On the question of marrying a second, third and fourth time it should be remembered that
the second marriage cannot be had without the consent of the first wife. Besides the
husband should be affluent enough to support each of them.

Anthropologically speaking polygamy has been a feature of Semitic tradition.

This type of marriage system in which a woman in eligible for re-marriage takes away
the concept of widowhood which Hinduism advocates.
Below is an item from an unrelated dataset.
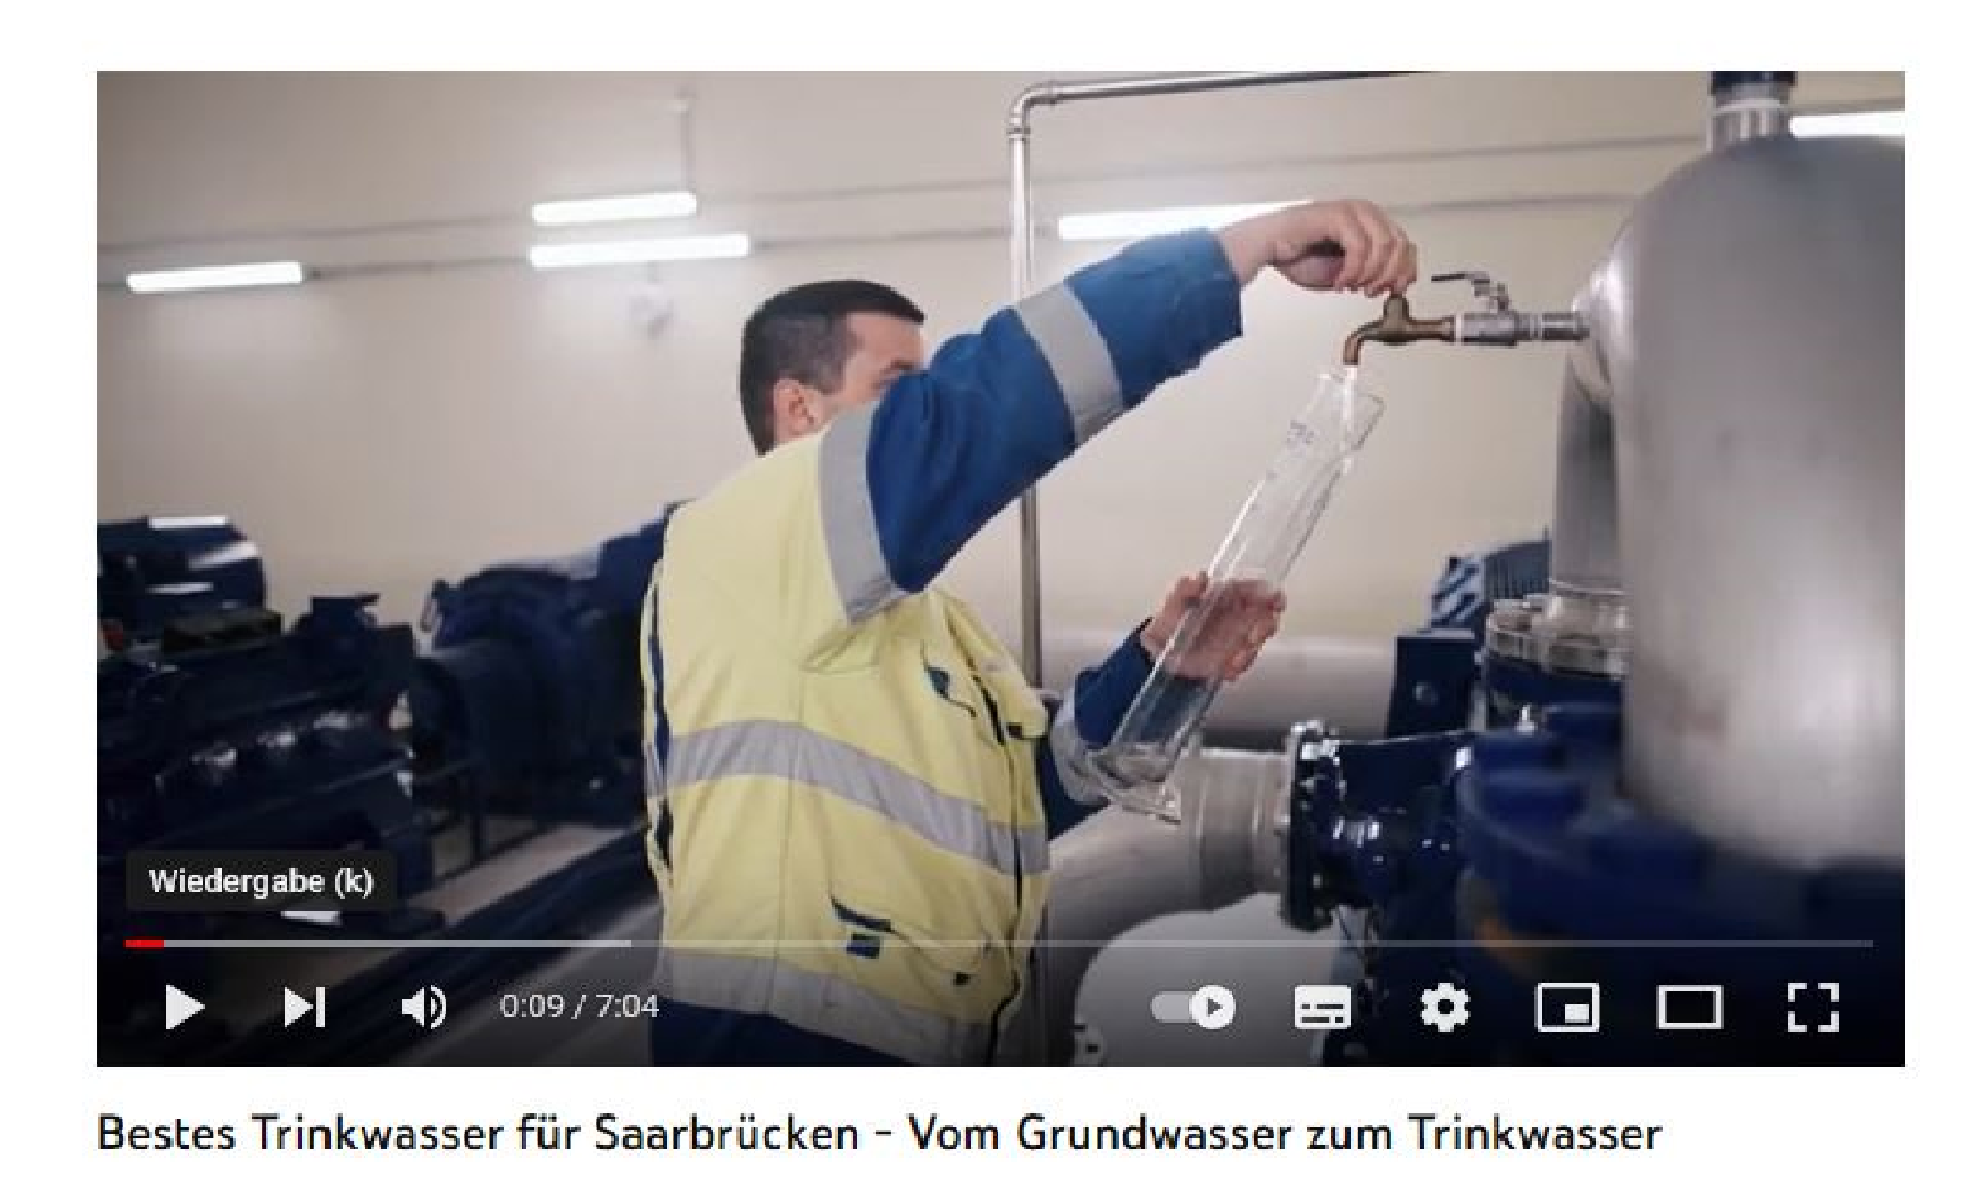 Film: Bestes Trinkwasser für Saarbrücken - Vom Grundwasser zum Trinkwasser

There again it should be noted
that among the many castes and tribes in South India widow re-marriage is an accepted
norm.

In regard to property rites in Muslim families’ sons are entitled to two shares and
daughters one share of the father’s estate. The wife is entitled for one-eighths of the
husband’s property.

It is true that there are some differences in claim to property.

In conclusion it is necessary to note that any analysis of the position of women of the Sri
Lankan Muslim society should be done at two levels.

a. at the level of a corporative analysis with the other ethnic group of Sri Lanka
b. in terms of the Islamic society outside the South Asian Countries.